Много ли времени прошло, не знаю, я потерял ему счет, не рассматривал его как данность, но однажды я поймал себя на мысли, что настоящей жизнью воспринимаю лишь то, что происходит со мною по ту сторону Стикса, в морочном мире мертвых. Я подсел на смерть, как наркоман, и мне все время требовалась новая доза. Я стал нервным, сильно похудел, почти перестал есть и спать и выныривал в материальный мир лишь только для того, чтобы хоть немного восстановить силы. А потом вернуться обратно – к тем, кто действительно очаровывал меня, кого я любил. Их невозможность, их прозрачность, их ледяная тоска, земля и ладан, которыми они пахли, их могилы – всё это было волшебной страной, моей свободой, моим своеобразным счастьем.
Мертвые летели на мой зов, как мотыльки на огонь керосиновой лампы. Чужие серые души, неприкаянные, застрявшие в междумирии, не то молящие о помощи, не то желающие любым способом обрести для них невозможное – форму, каждую ночь роились у моей постели. Если бы в наш дом попал человек, умеющий чувствовать незримое, он бы поседел от ужаса за одну ночь, потому что благодаря моим практикам смерти вокруг нас было намного больше, чем жизни.

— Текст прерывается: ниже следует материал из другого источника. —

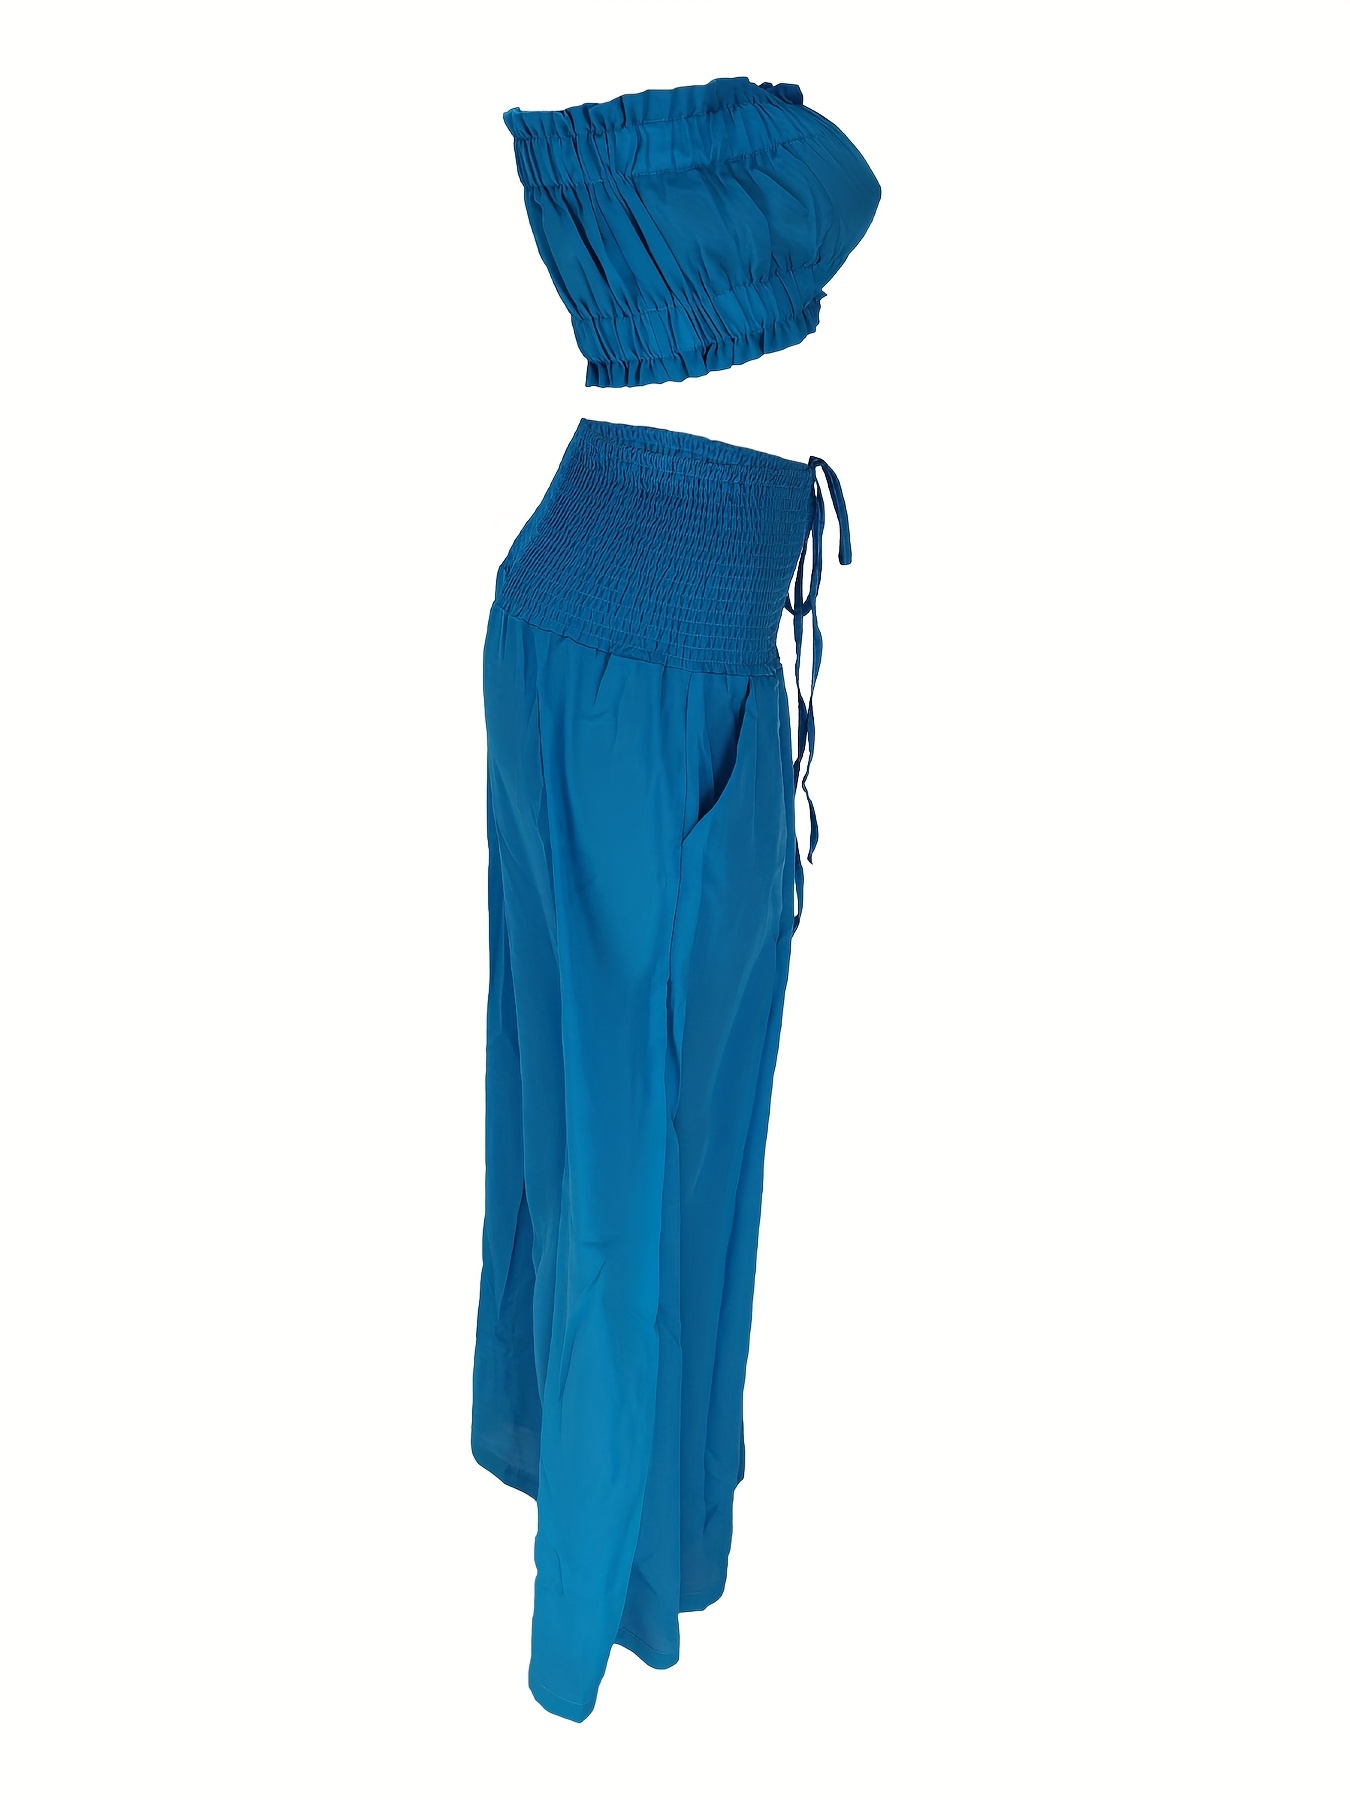 Solid Matching Two-piece Set, Casual Eyelet Tank Top & Wide Leg Pants  Outfits, Women's Clothing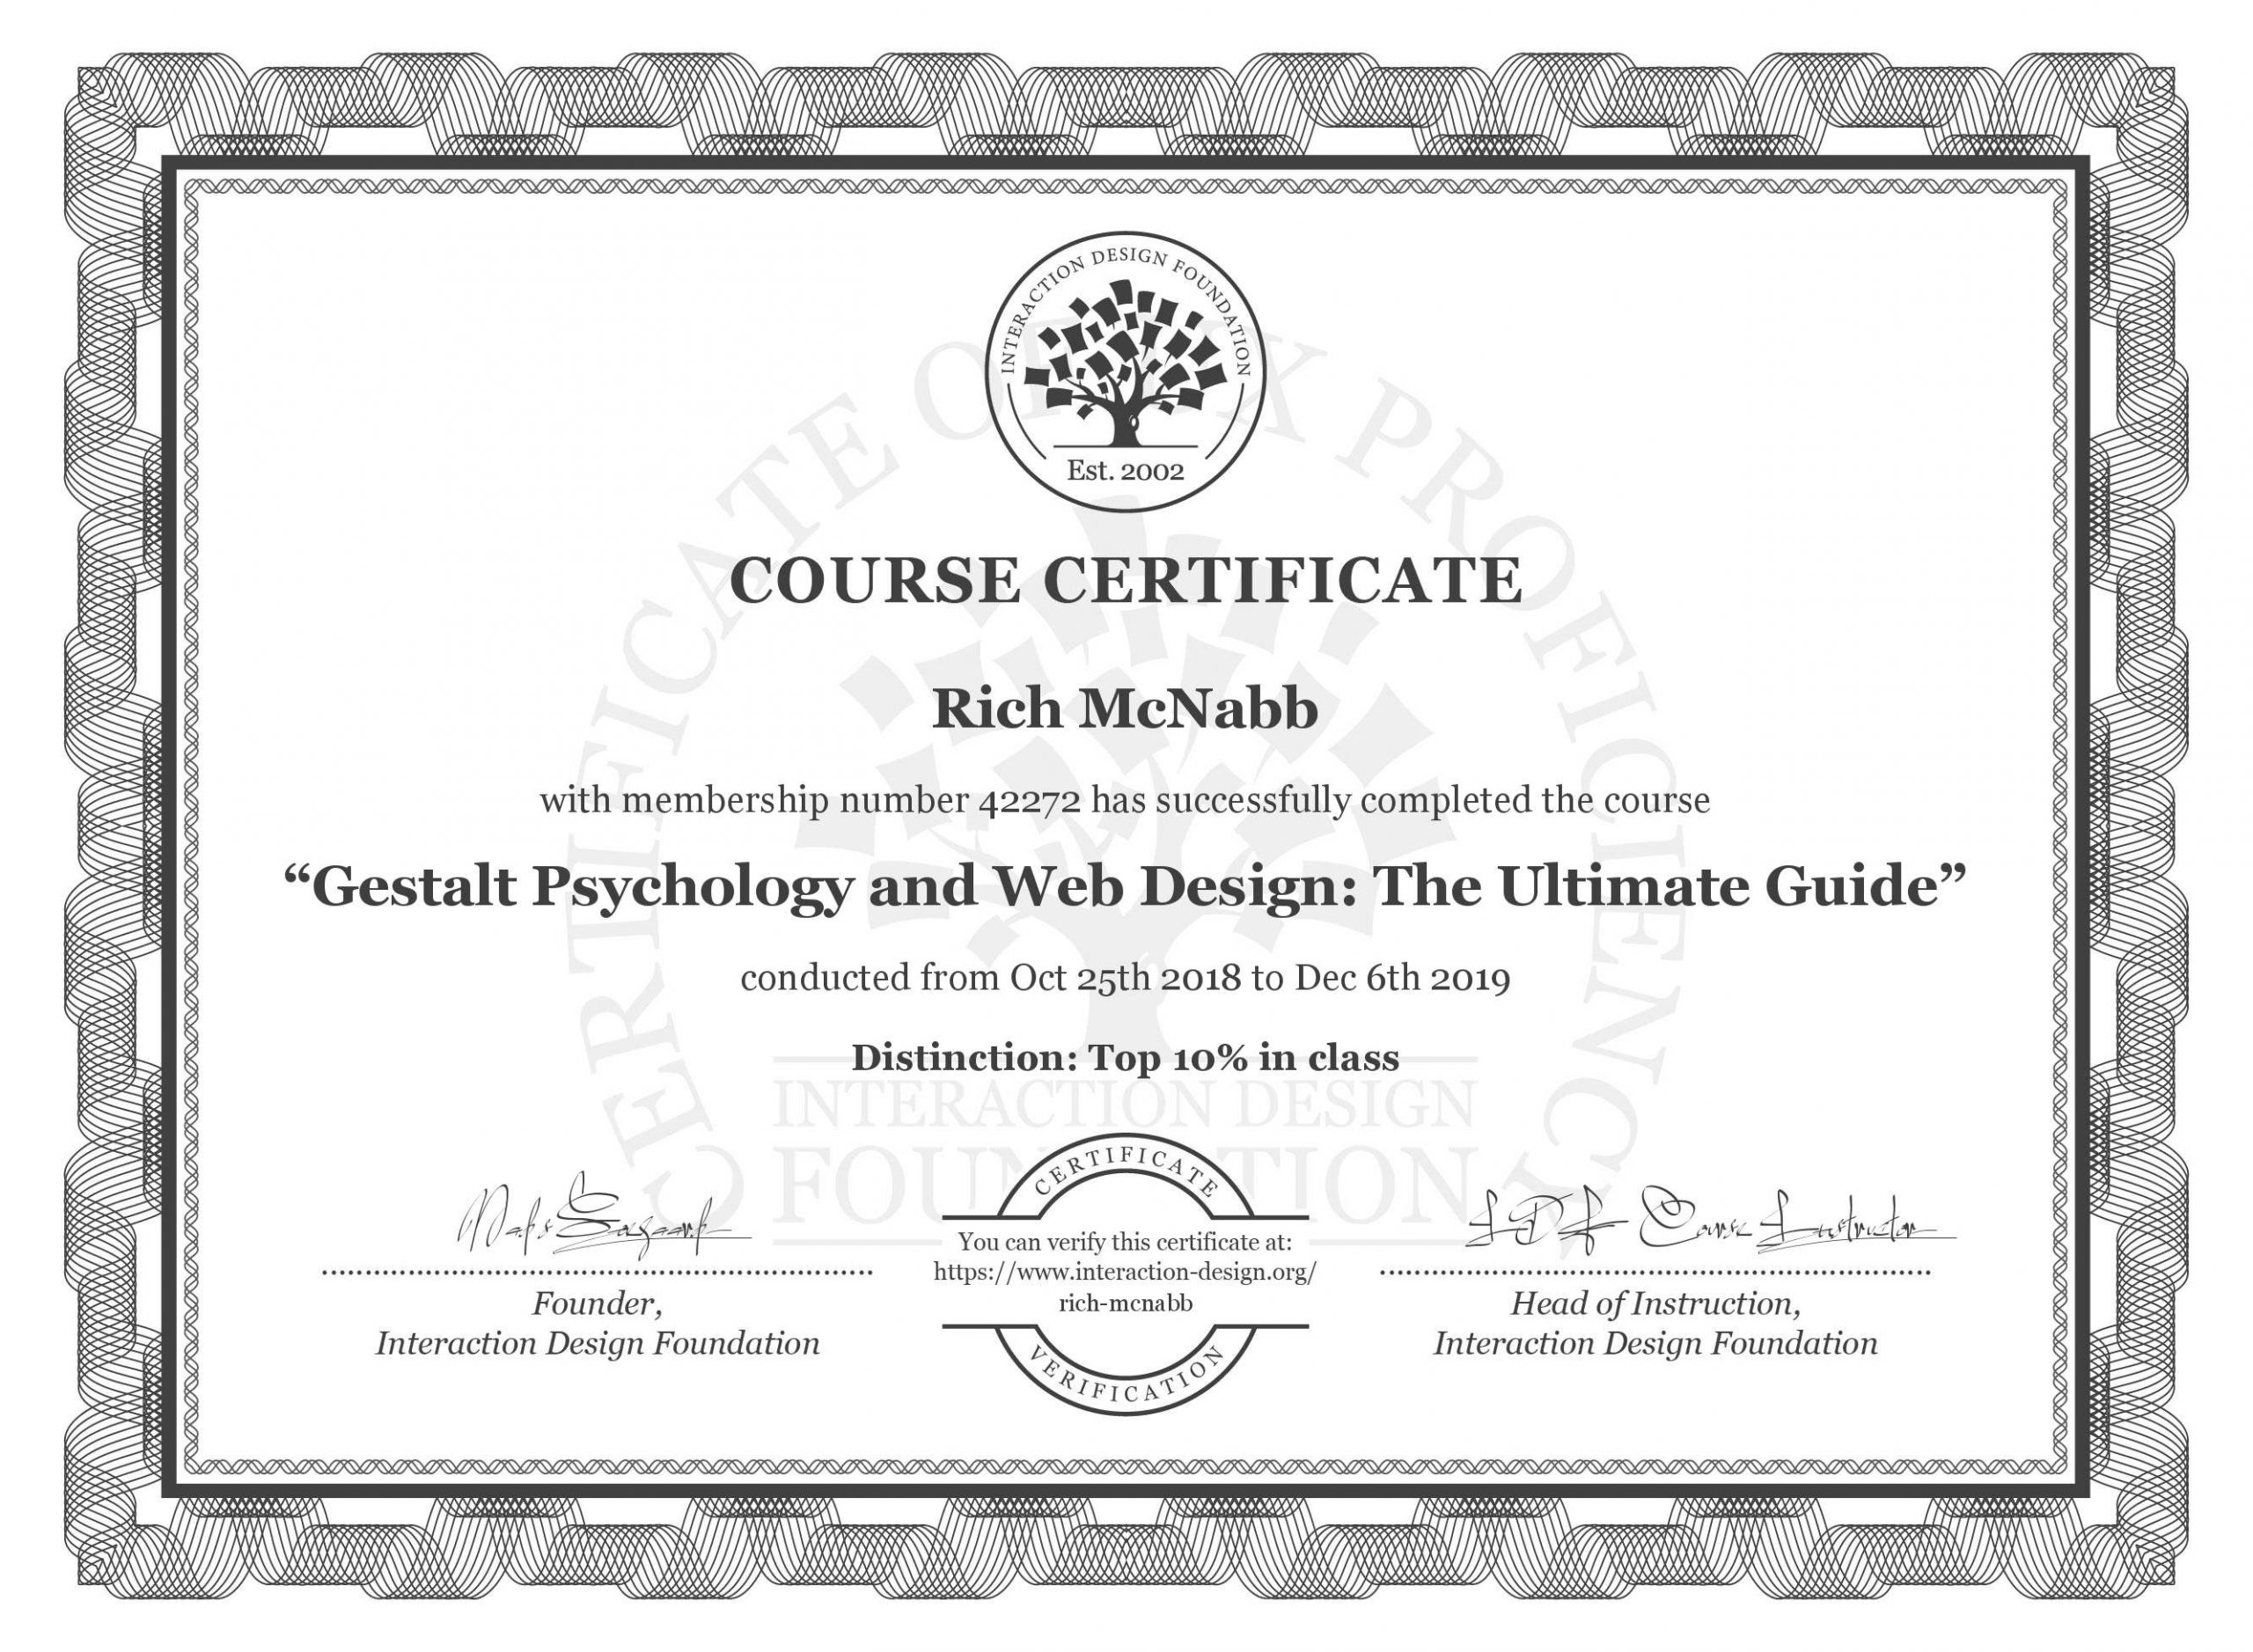 Rich McNabb - Gestalt Psychology and Web Design - The Ultimate Guide

Колдун, конечно, видел, что со мной происходит. Это трудно было не заметить. В нашем доме поселились холод и сумрак, зачах маленький огородик Колдуна, ушли привычные запахи жилого дома. По ночам у нас пахло дождевыми червяками да отсыревшими гробовыми досками, как будто бы мы сами были двумя заживо похороненными в этом темном лесу. Животные обходили наш дом стороной – чувствовали опасность. Даже клиентов у Колдуна стало меньше, а те, которые все-таки случались, старались побыстрее покинуть его жилище и редко возвращались во второй раз.
– Нельзя столько времени проводить с мертвыми, – твердил мне Колдун. – Ты однажды оступишься и переступишь опасную черту. Посмотри на себя, каким ты стал. Я предупреждаю тебя.
Я только вяло огрызался. Я больше не воспринимал Колдуна как авторитета. Да, его дар был безупречным, да, он осознавал тончайшие взаимосвязи мира, но зато в Стране мертвых мне не было равных. Это было что-то природное, мое настоящее предназначение, мой талант, и я быстро почувствовал, что превзошел даже самого учителя.
– Почти все некроманты очень плохо заканчивают, – говорил Колдун.
– Почти ВСЕ плохо заканчивают, – только усмехался я в ответ. – Девяносто процентов людей вообще ведут жизнь морских свинок, у них и мечты свинячьи, и еда свинячья, и даже любовь – свинская тоже. А я нашел свой путь.
Возможно, это был вариант запоздалого подросткового бунта. Вся подавляемая годами ярость, вся непримиримость вдруг вырвались наружу, как вылупившийся из яйца дракон. Остановить меня можно было только одним способом – лишив жизни, а этого Колдун вовсе не хотел. Не потому, что испытывал ко мне какие-то сантименты. Но я был ему нужен – почти вся работа с «мертвечиной» перешла ко мне, и я был безупречным сотрудником, таких из-за дерзости не гонят прочь.
Колдун мне по-своему сочувствовал и надеялся, что я «перерасту», пойму всё. Иногда по утрам я чувствовал себя таким разбитым, что не мог даже с постели подняться – всё же общение с мертвецами берет слишком много жизненных сил. Колдун с раздражением подносил к моим растрескавшимся губам стакан ледяной воды, который я жадно втягивал внутрь как волшебный эликсир.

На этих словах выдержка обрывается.